■ COLLECTED DATA

────────────────────────────────────────

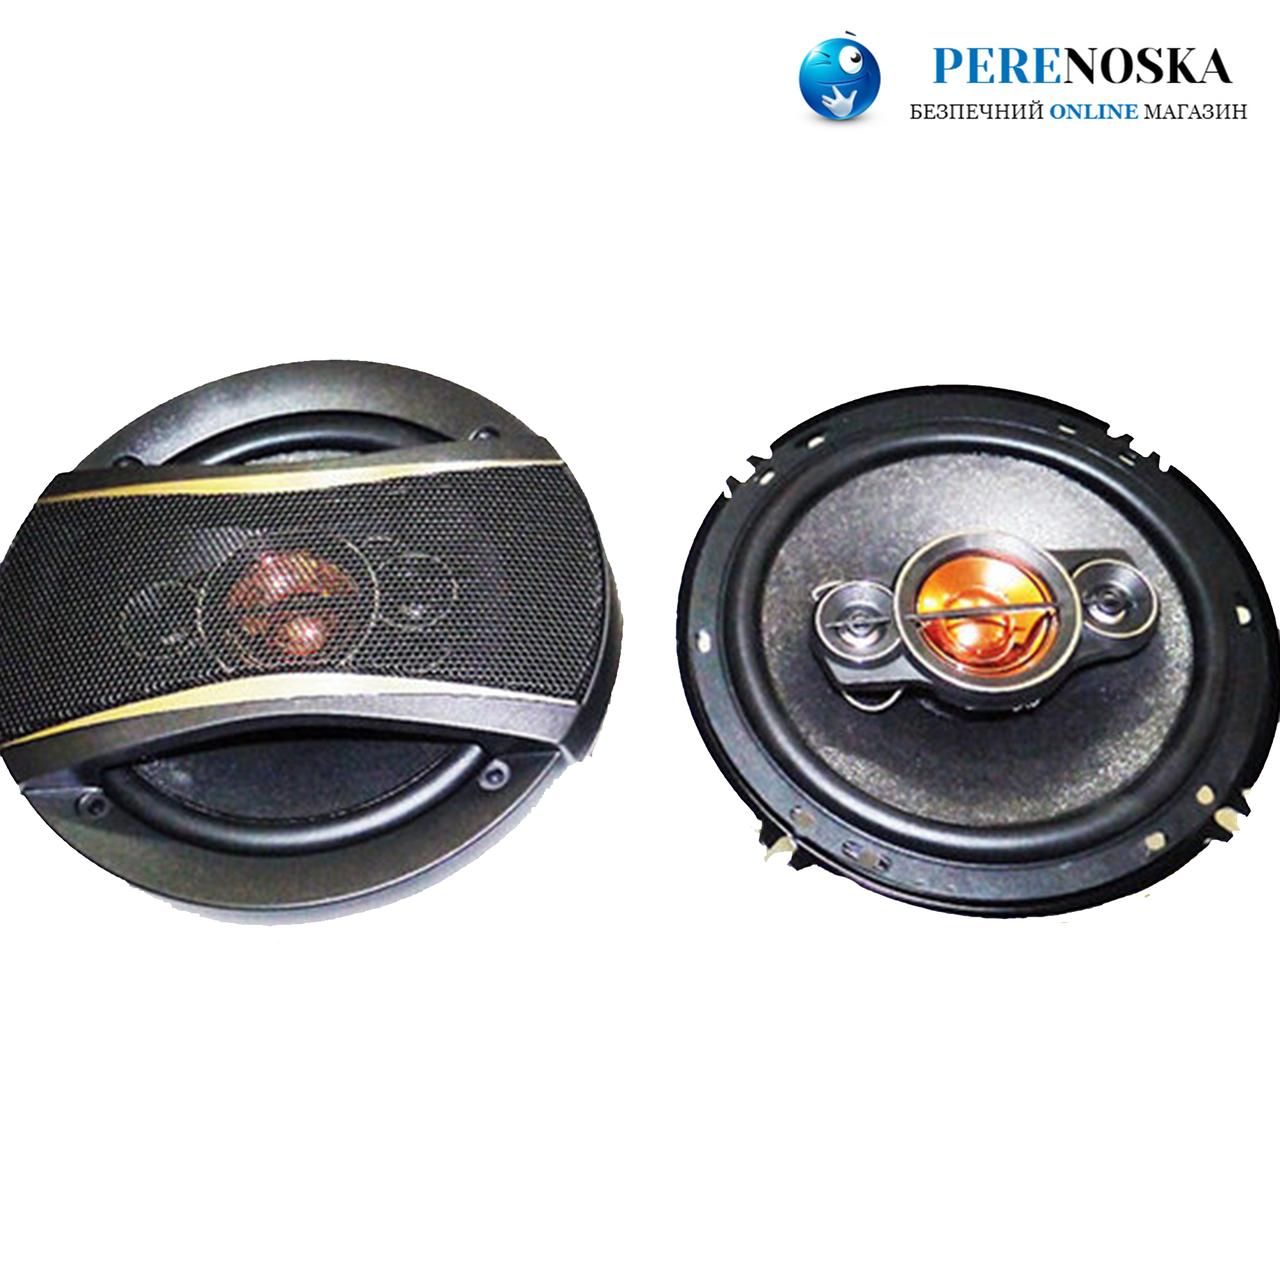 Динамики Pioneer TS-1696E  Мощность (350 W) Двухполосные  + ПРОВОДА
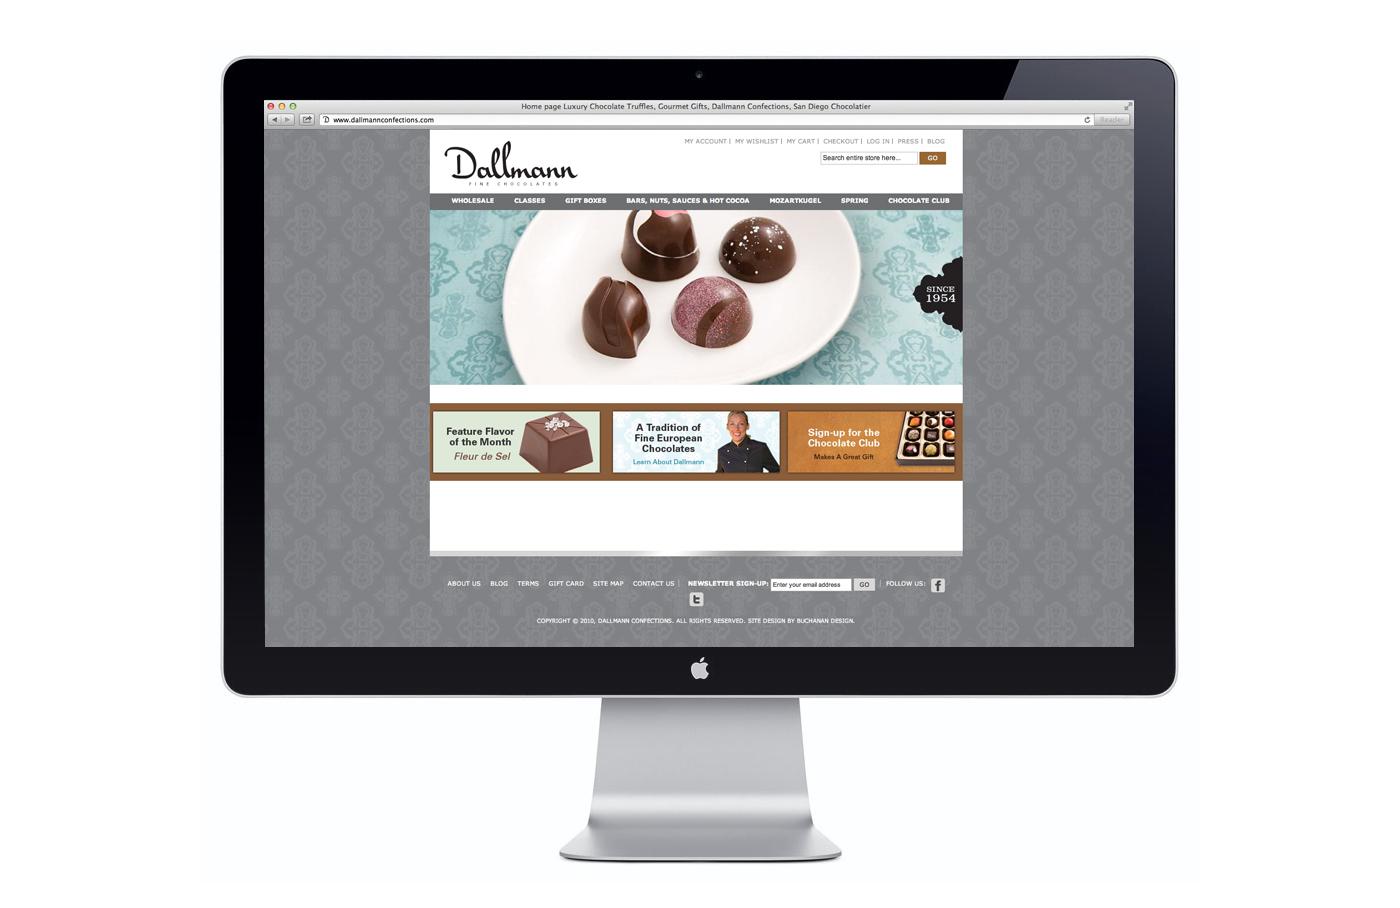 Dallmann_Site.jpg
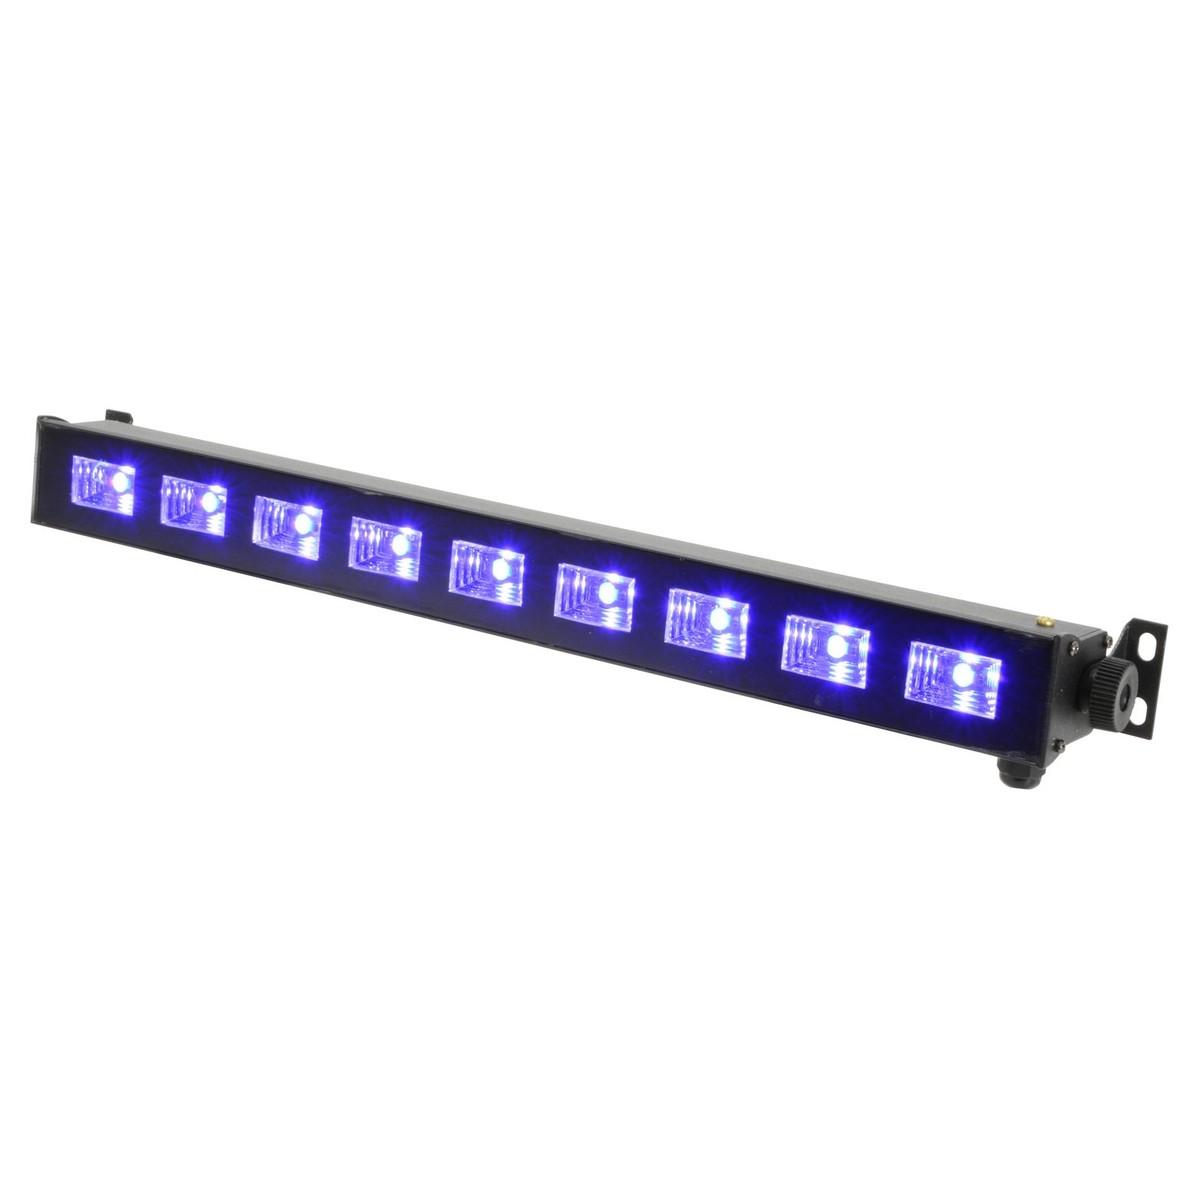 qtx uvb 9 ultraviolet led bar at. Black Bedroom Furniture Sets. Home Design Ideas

────────────────────────────────────────

■ REQUIREMENT
Once more, please print all the lines above exactly, without their pictures.

■ OUTPUT BELOW
 Динамики Pioneer TS-1696E  Мощность (350 W) Двухполосные  + ПРОВОДА
 Dallmann_Site.jpg
 qtx uvb 9 ultraviolet led bar at. Black Bedroom Furniture Sets. Home Design Ideas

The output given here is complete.